Blakley, being one of the leading manufacturers offer a great deal of good technical guidance on the subject - but largely it would appear the practice of having both RLV + residual protection combined into one transformer is down to preference rather than a requirement of BS7671 or BS7375 for that matter, meaning this would be ‘best practice’ as apposed to mandatory unless a contractor were to make part of their policy. 
I would be interested in the forums opinions on this subject, and your own experiences, I think there are changing trends in the industry as to what was historically an acceptable risk may no longer be the case, particularly I’ve noticed 110v Tx plugged into blue commando sockets with a 30mA RCD protecting the primary side, I’m unsure what degree of protection this will offer to outgoing artic flex on the secondary side and it doesn’t seem it would be the same as a multiple pole device that’s installed on the secondary side?

Parents
  • From a practical point of view, there is little need for RCD protection on 110 volt center tapped supplies. Without an RCD, disconnection times in the event of earth faults are likely to exceed those permitted for 230 volt mains circuits.

    But does this matter at the much lower voltage ? On a 230 volt mains circuit, presuming similar sized live cores and CPC conductors, then during an earth fault the case of any class one appliance will be live at 115 volts, less risky than full mains voltage, but still potentially dangerous. Hence the need for RCD protection in order to promptly disconnect such faults.

    On a system with only 55 volts to earth, then the touch voltage on a class one appliance during an earth fault will be only 27.5 volts, which is very unlikely to be dangerous, and prompt disconnection therefore a lower priority.

    It is increasingly common to provide RCD protection on 55/110 volt circuits, and this does no harm, but the actual need is debateable.

    An RCD on the 230 volt input to a site transformer will give NO PROTECTION to the 110 volt output. Anyone who doubts this should try a simple experiment. Plug in the transformer to the RCD 230 volt socket. Connect a test lamp between either pole of the output and the protective earth. Does the input RCD trip ?

    An input RCD is a wise precaution against a damaged  mains lead or plug or transformer but gives no protection to the output.

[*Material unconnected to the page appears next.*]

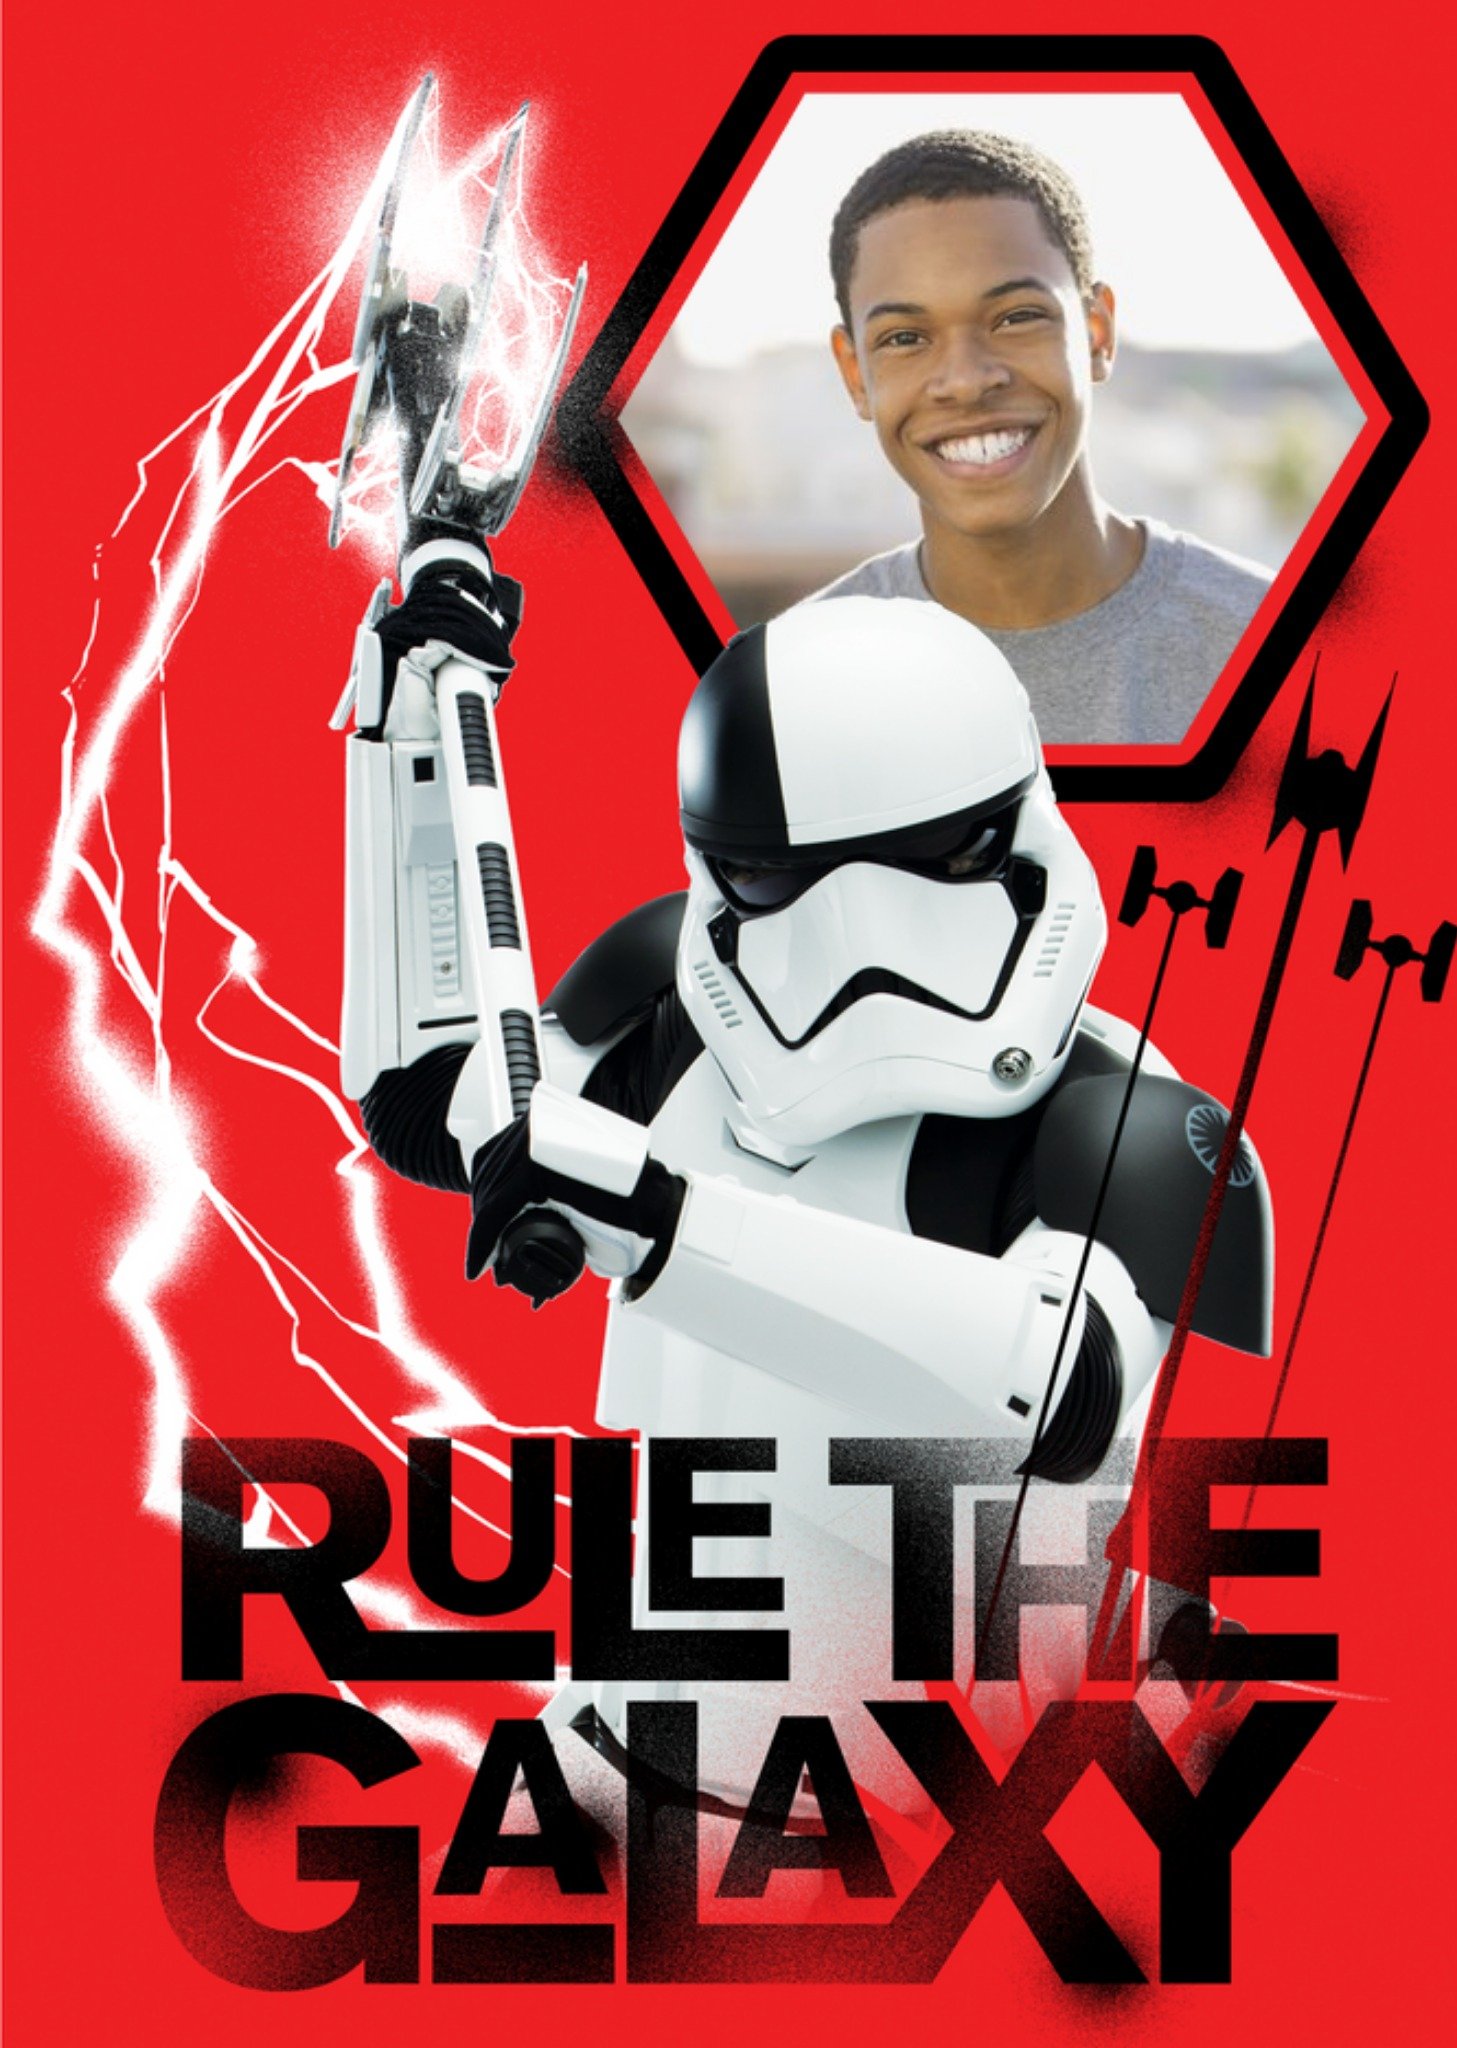 Disney Star Wars Stormtrooper Photo Upload Card Ecard

  • I suppose a 30mA RCD does give some additional protection (e.g. touching a live conductor on a damaged flex without there being a fault to PE to halve the touch voltage) - but at just 55V to earth for a single phase CTE system (or 63.5V for a 3-phase system) the risks aren't huge. While BS 7671 does talk about a 50V touch limit for many circumstances, that does increases to 70V for some outdoor situation (e.g. EVSE) - which probably aren't any better in terms of footware and exposed/extraneous-conductive-parts within reach to that of a building site.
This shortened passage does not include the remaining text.